After retirement and with some health issues, he slowed down. He loved building his boats in the winter, tending his garden in the summer. Everyone knows was a big fan of the weather. No matter where you were he’d give you your local forecast. He was so inquisitive. He never stopped learning. Forty years ago he relied on the Encyclopedia Brittanica. But then came ‘the greatest invention since sliced bread’ (he liked to say that)… and that invention for him was the Internet, which put the entire world at his fingertips. I’d tell him of my next travel destination and he’d get on the Internet and report back to me in a flash telling me which sights I couldn’t miss seeing there. This March I told him that Frank and I were flying to Budapest for the weekend. Without missing a beat, he said Oh, yea, that’s the city divided by the river, with Buda on one side and Pest on the other. I hadn’t known that. But of course he was right. A couple years ago I was in Wales traveling alone for a race and on my last day there I had a half day free before my flight. I texted him the night before and asked what he thought I should do with the few hours. Within half an hour he gave me half a dozen options: a local castle, a quaint village, but of course I took his best suggestion to go see Stonehenge and even his advice about which motorway to use to get there.

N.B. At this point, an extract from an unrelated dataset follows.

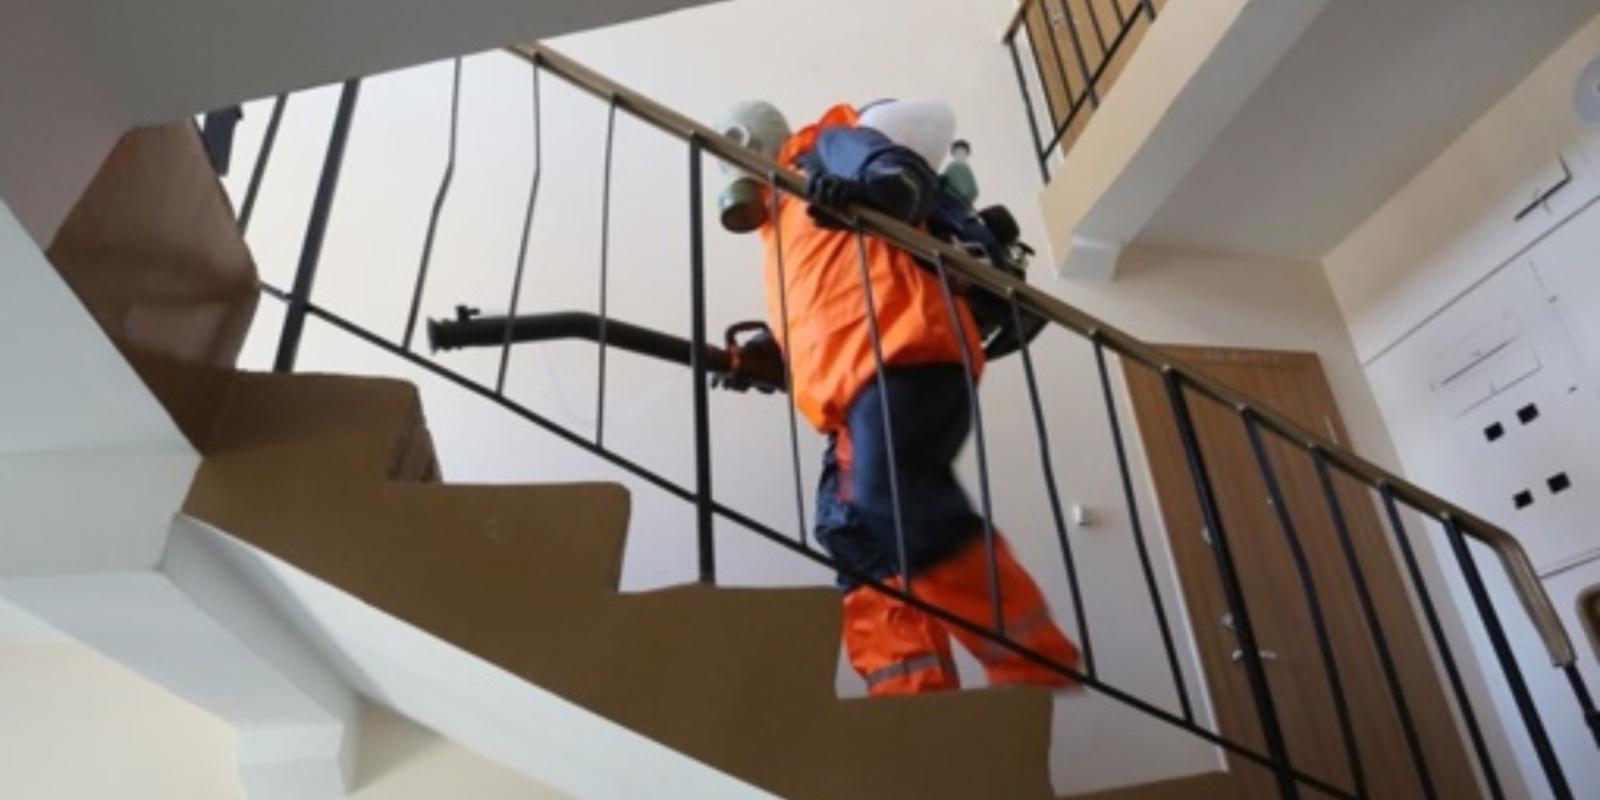 Varėnoje jau išdezinfekuota daugiau kaip pusė daugiabučių namų bendrojo naudojimo patalpų

I know we all have stories like this about him. Even now after his death, people are stopping by the house and telling me what a great guy he was, how long they’d know him and how much they miss him. He lived alone but was never really alone. He had countless numbers of friends who were in contact with him nearly every single day.  And it really doesn’t do his life justice to have only one person make his eulogy. Because to know the true man, to get the entire picture of who is was, you need to hear those stories from his family about his life.  I mentioned to several people the idea of asking everyone who is present here today to say a few words, as a community eulogy, but that idea wasn’t received very positively. But if anyone has a story to share I’d personally love to hear it after the ceremony.

I’d like to leave you with one more story. It was almost like his last joke for all of us. He passed in April, when Covid was on the rise and it was highly suggested that at-risk seniors remain quarantined at home. He assured all of us that he was staying at home, being careful, and that his friend Dave was delivering him his food. Last week, as my sister and I were going through his personal effects, we came across a receipt in one of his jacket pockets. A receipt for gas that he purchased the day before he died. It made us laugh so hard.  We thought, You got busted dad!  He didn’t want anyone to worry about him, but he needed to get out. He needed to be around people. I can just imagine him chatting with the other customers at the pumps, the cashier in the shop and who knows where else he visited that day. He had a gift with people. That was his calling. Whether we realize it or not, we all learned something from him or we wouldn’t be here today celebrating his life. And hopefully we can all use him as an example for our own behavior in demonstrating the primary strengths of his character: humility, kindness, compassion and generosity.

Thanks for the lessons, dad. You really, really were loved by all. We will all miss you. Rest in peace and we’ll see you again some day.